Это был самый центр Цюриха (местные говорили «Зюрик»), из окна, если изогнуться вправо, можно было увидеть Лиммат. Перов с огромным трудом поселился, напугав своей безъязыкостью девушку-администратора. Вспомнилась Ольга — у нее, в дополнение к десяти пальцам, был еще и свободный английский, с «йоркширским», как она настаивала, произношением. Наверное, если бы Сигов знал об этом, он действительно отправил бы за деньгами Ольгу.
Макс дивился всему: старинное здание, картины на лестнице — коровы и лошади в богатых рамах, неслыханно новый телевизор в номере, крохотное мыльце, которое он, разумеется, сразу же положил в чемодан. Если бы Максим знал, что это здание отлично помнит Ленина, то удивился бы еще больше. К Ленину Макс сохранил смешную детскую любовь — он не мог предать золотого кудрявого мальчика с октябрятской звездочки. Он в самом деле был верным, словно конь.

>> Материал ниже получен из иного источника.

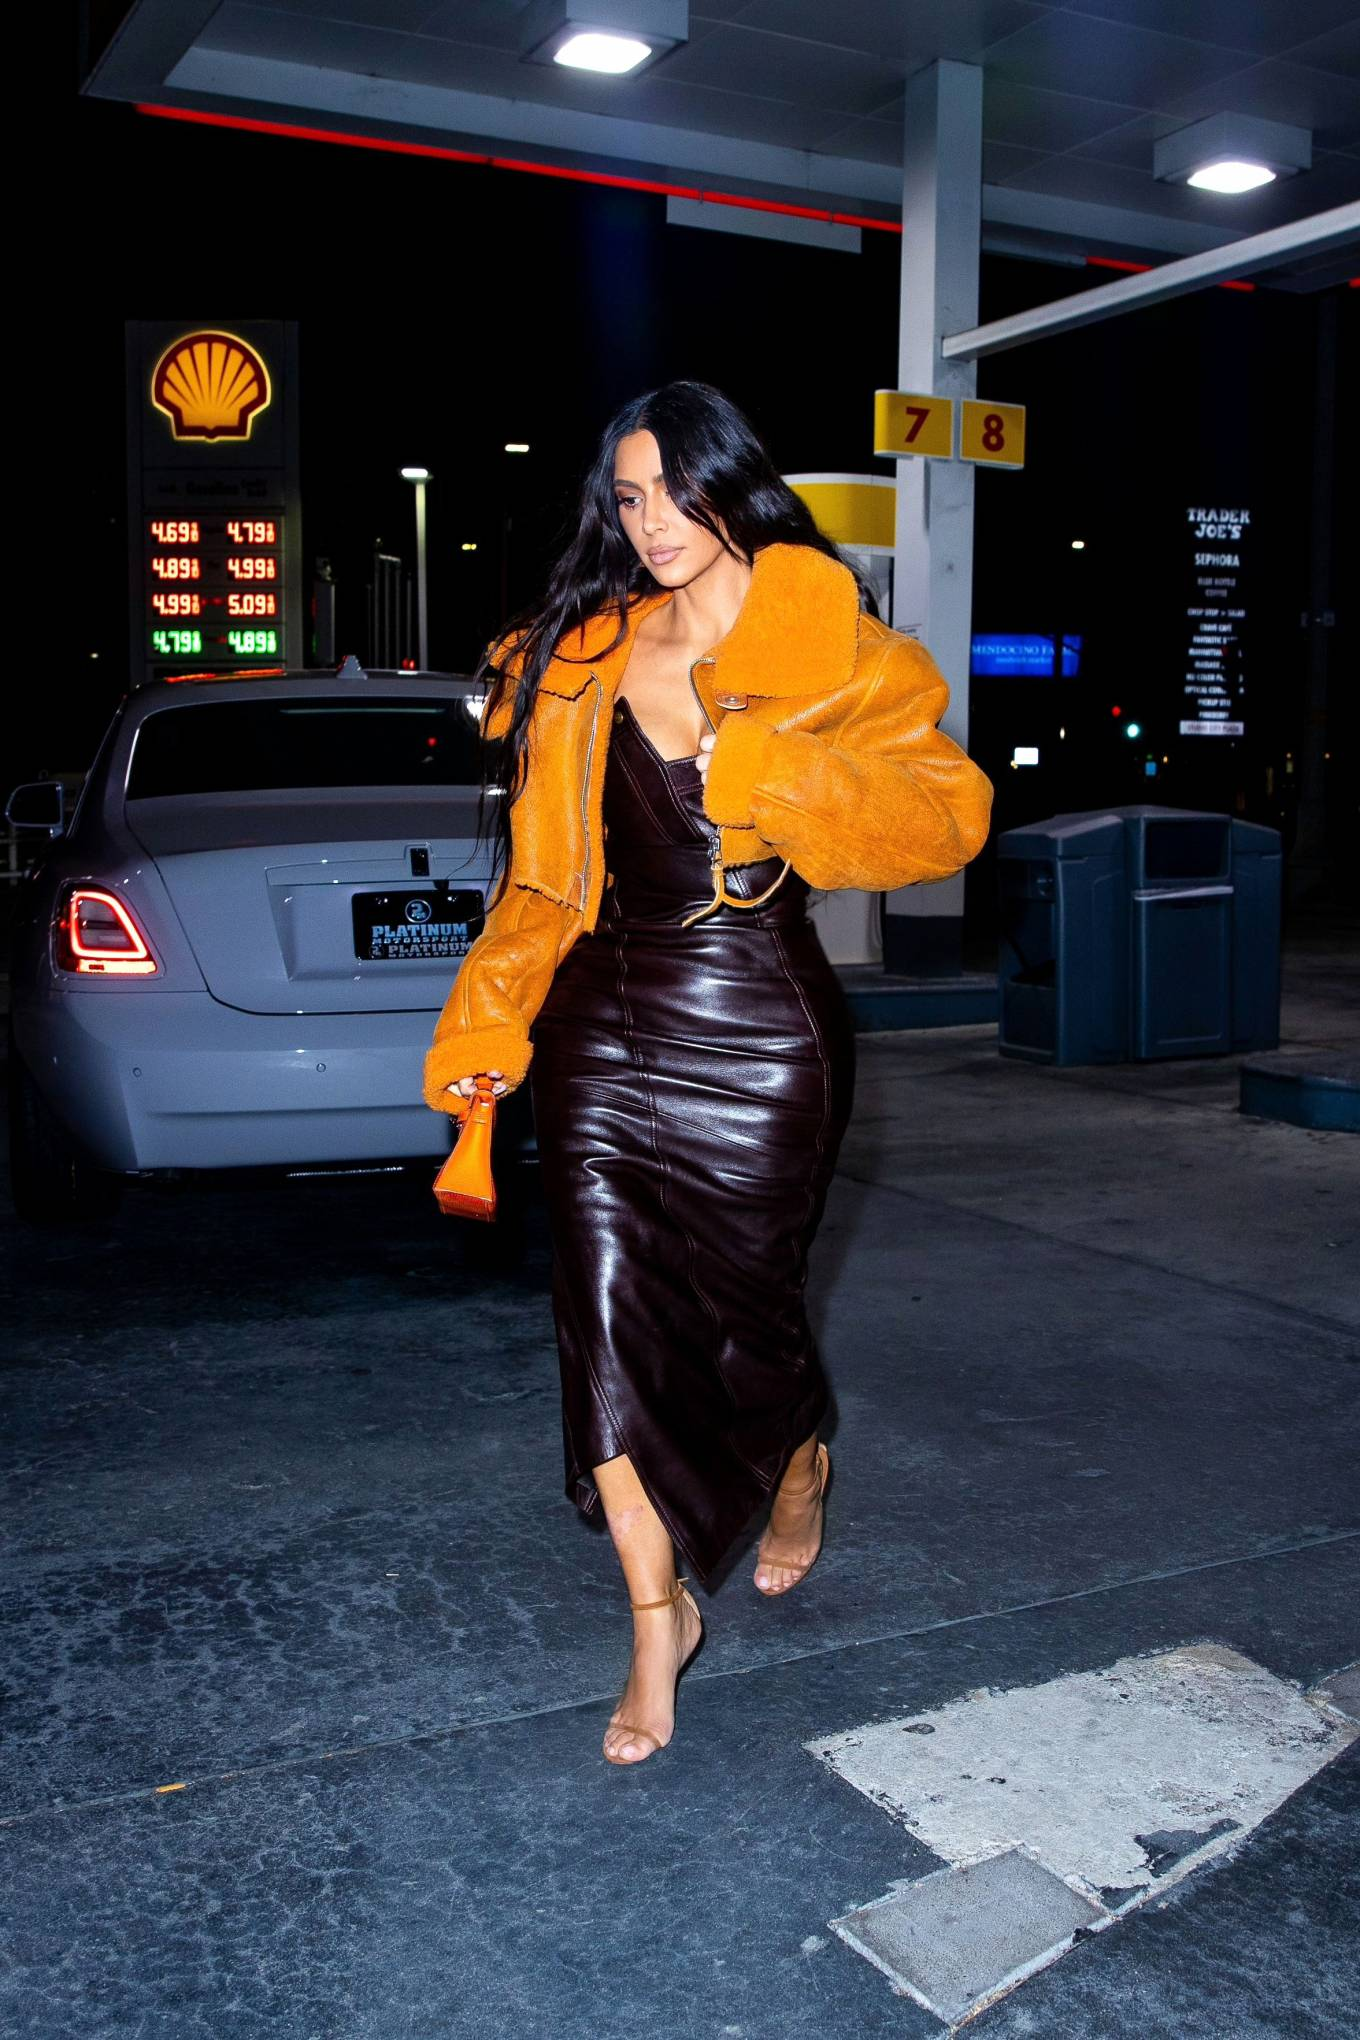 Kim Kardashian donning pointed orange open toe sandals with high heel

В ванной нашелся еще один кусочек мыла. Максим спрятал и этот — один Наташке, другой маме. Трусы с валютным карманом на всякий случай взял с собой, повесил на дверную ручку и только потом влез под душ.
Человечек от Сигова согласно инструкции свяжется с ним завтра. Максим надел чистую, всё еще не согревшуюся после багажного отсека рубашку, брызнул ниже пояса туалетной водой «Самарканд» — так, на всякий случай.
Шнуруя ботинки, Перов всегда гримасничал, как отец, когда стягивал с себя высокие охотничьи бахилы. Максим удивительно четко помнил отца, хотя тот ушел от них десять лет назад и за это время прислал сыну лишь несколько открыток — и ни единой своей фотографии. Макс щурился, сам зная, как смешно выглядит его лицо в такую минуту.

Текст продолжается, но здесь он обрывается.